Amigos do Fingidor

quinta-feira, 5 de junho de 2014

Sobre poesia, poemas & poetas 1/3



Zemaria Pinto
               

Poesia versus poema. De tão antigo, o tema pode parecer ao leitor menos atento um tanto esgotado. Nada mais enganoso. É recorrente escrever, e falar, que fulano lançou um livro de “poesias”, sicrano recitou suas “poesias”, fulaninha vai lançar um livro de “poesias” etc. Vá ao dicionário e constate: poesia é uma “composição poética de pequena extensão”. Até quantos versos, exatamente? − poderá perguntar o leitor cioso das precisões matemáticas e/ou linguísticas. Não sei. Mas, esqueçamos o que diz o dicionário e caminhemos um pouco por esse movediço e improvável terreno da teoria literária.
Poesia é o gênero literário, subdivisível nas categorias épica, dramática e lírica. Poesia é a experiência cósmica de um poeta, o conjunto de sua obra.
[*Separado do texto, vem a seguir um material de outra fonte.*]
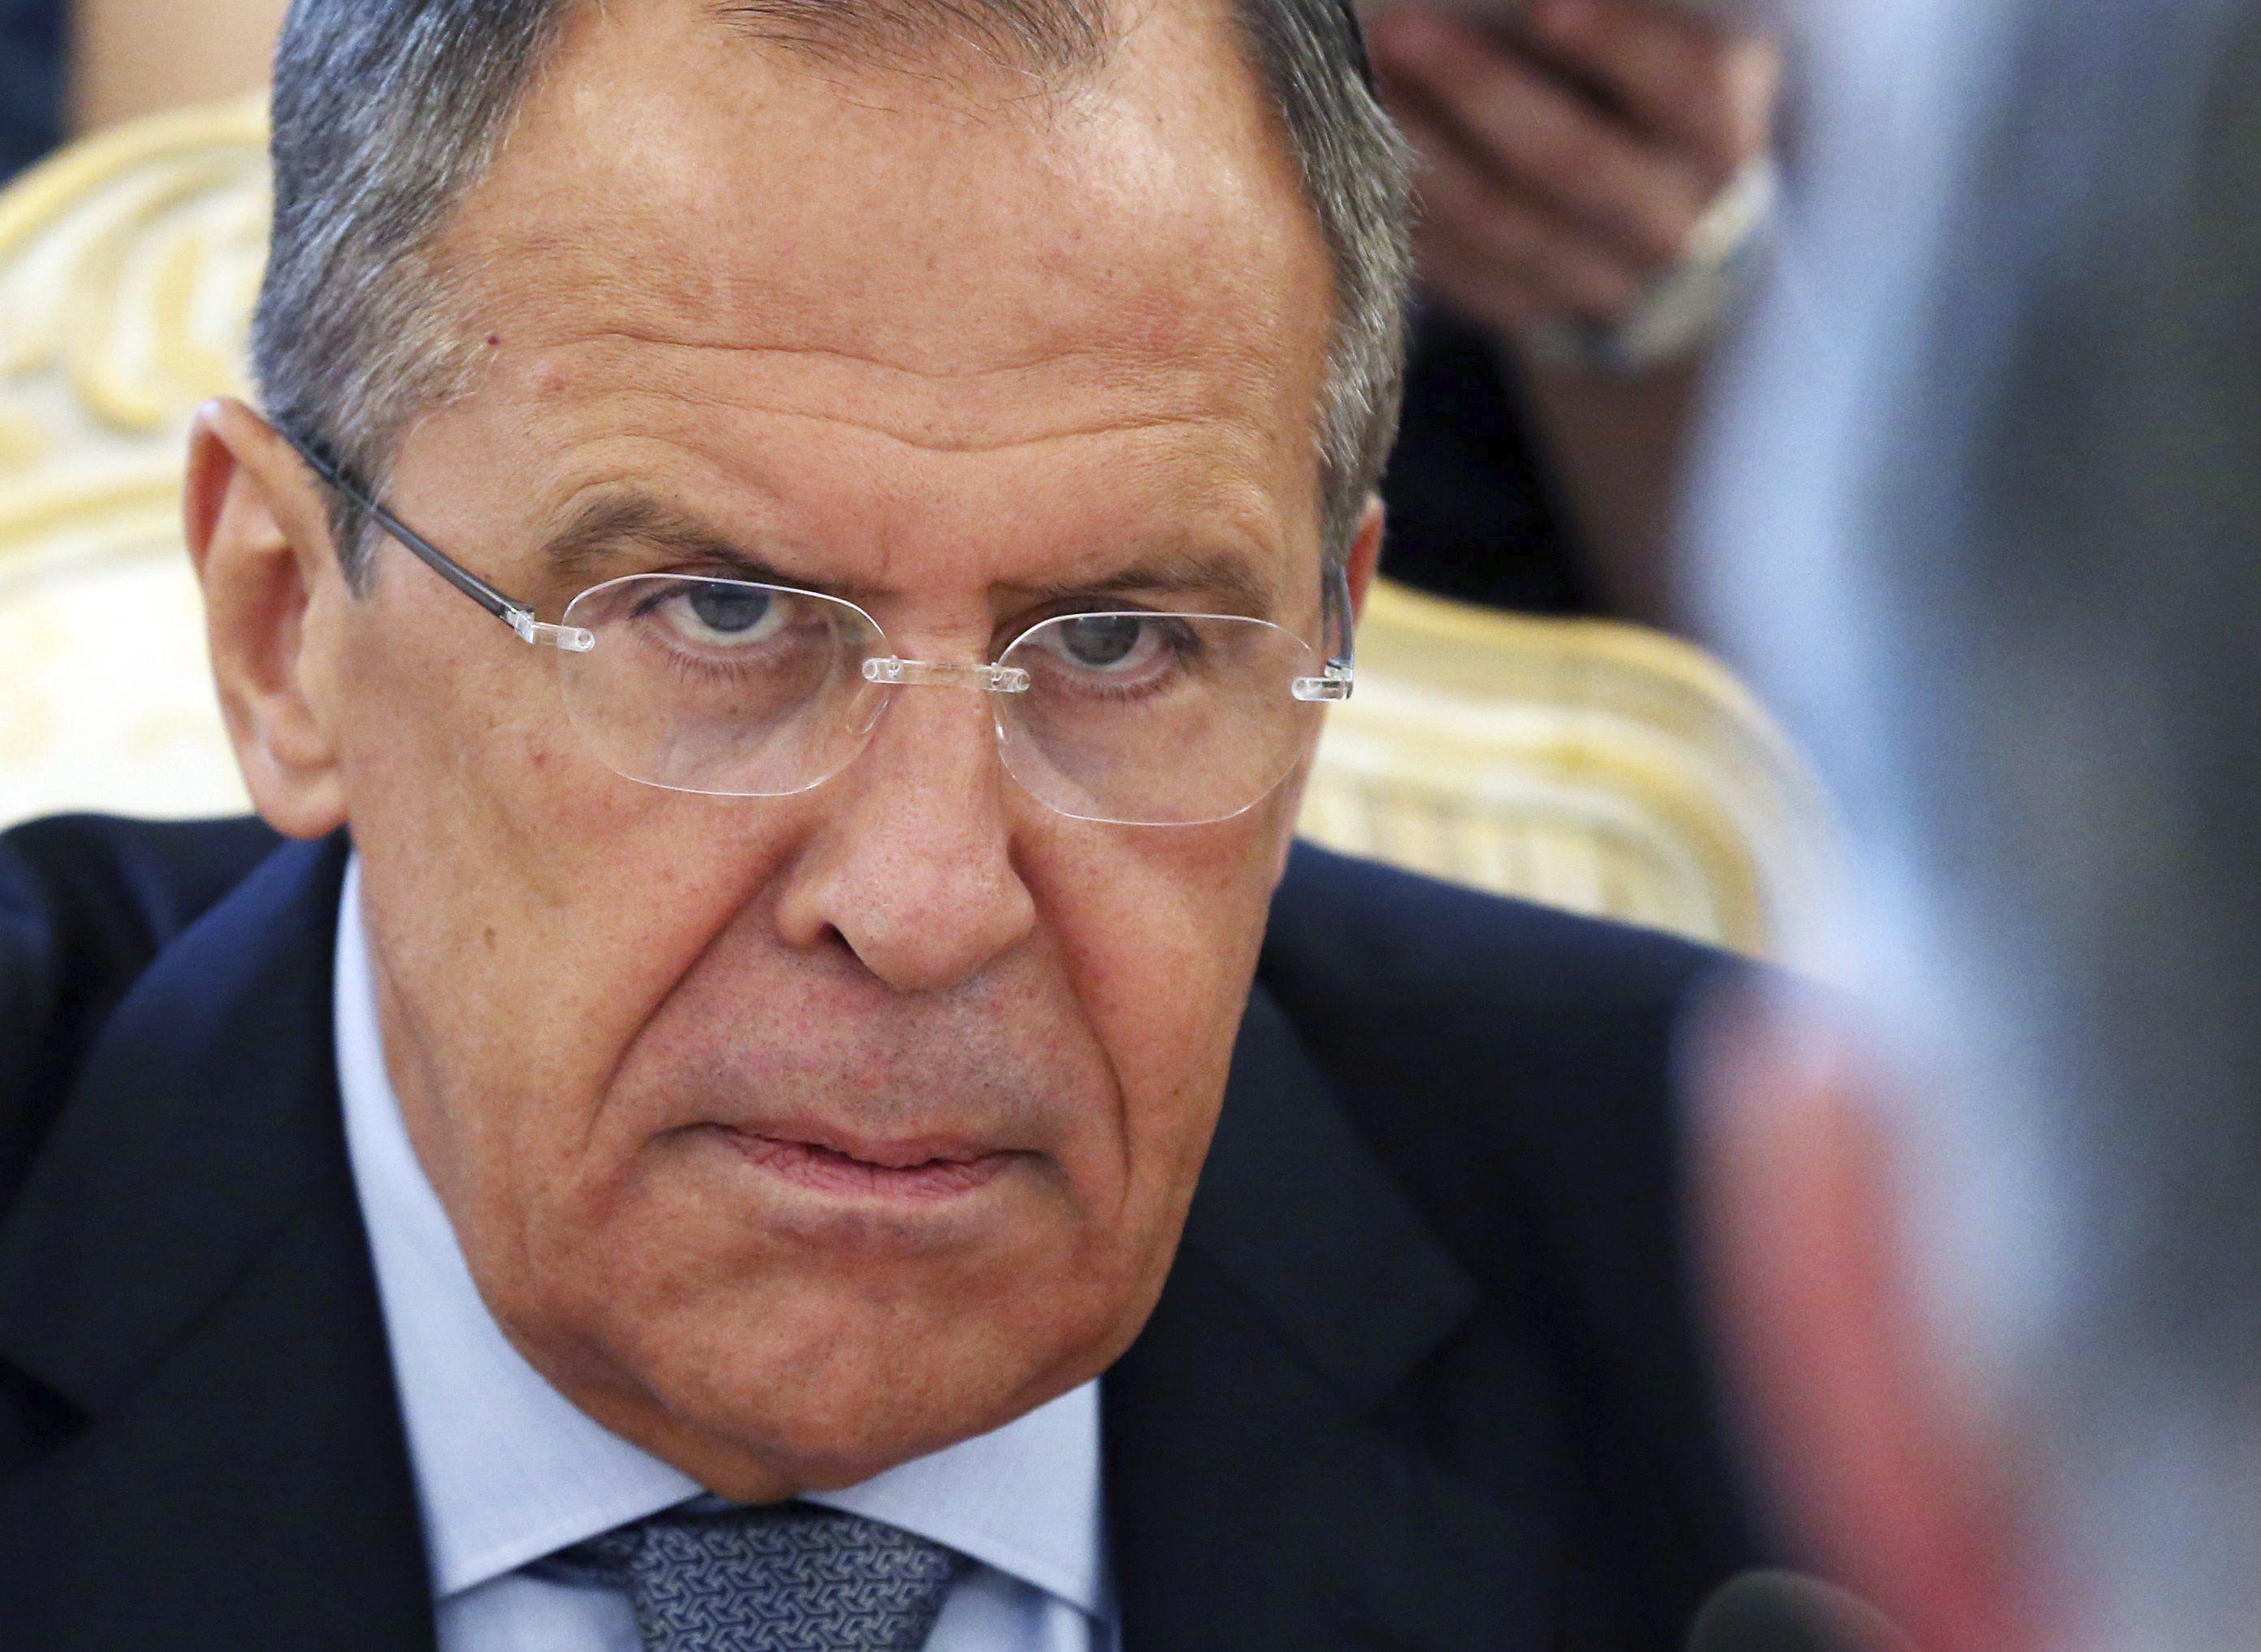 La intervención en Siria irrumpe en la campaña alemana con la oposición ciudadana

Poesia pode ser também o coletivo do fazer poético em um determinado tempo ou espaço. O poema, por sua vez, é, para efeito didático, a unidade que enforma o todo da poesia: é a composição, um conjunto de versos dispostos de maneira arbitrária pelo poeta, obedecendo a cânones preestabelecidos, estando entre estes, inclusive, a desobediência a cânones preestabelecidos...
Poesia e poema são, portanto, dois animais distintos: este vive sem aquela tanto quanto aquela não precisa deste para ser. Um poema sem poesia, então? Claro, digno da lata de lixo mais próxima, mas um poema. E quantos poemas são perpetrados e quantos livros de poemas são editados sem poesia!... A contrapartida define um paradoxo insofismável: a poesia é um estado do ser, é contemplação mística, é o i/logismo a serviço do ir/racional − a poesia é. Ponto.
Há uma enorme carga de poesia em Grande sertão: veredas, em A paixão segundo GH. Há poesia num quadro de Van Gogh, num filme de Herzog, num pôr-do-sol no rio Negro, num fim de tarde em São Paulo, num passo de contradança, e, com o perdão da má palavra, também se encontra poesia num sorriso de criança. Já o poema, o poema-coisa, o poema-com-poesia, traduz em palavras aquilo que o artista-poeta discerniu no ser da poesia: a poesia traduzida em música, a poesia das imagens, a poesia que inventa línguas, remove palavras e fundamenta a linguagem.
A didática do dicionário, não tenho mais nenhuma dúvida, é um instrumento ideológico de coerção à poesia: ao tentar reduzir o geral dando-lhe a mesma definição, e, por extensão, as mesmas deformações do específico, procura, em verdade, eliminar ou esquecer o caráter arquetípico primordial da poesia − porque é através da palavra que o homem se aproxima do Ser e de si mesmo. Ignorar essa relação é frustrar todo o acúmulo de conhecimento produzido, desde Aristóteles às mais recentes discussões sobre o caráter intersemiótico da poesia.
No mais, é como escreveu o poeta mexicano Octavio Paz: “se o homem se esquecesse da poesia, se esqueceria de si próprio. Voltaria ao caos original.”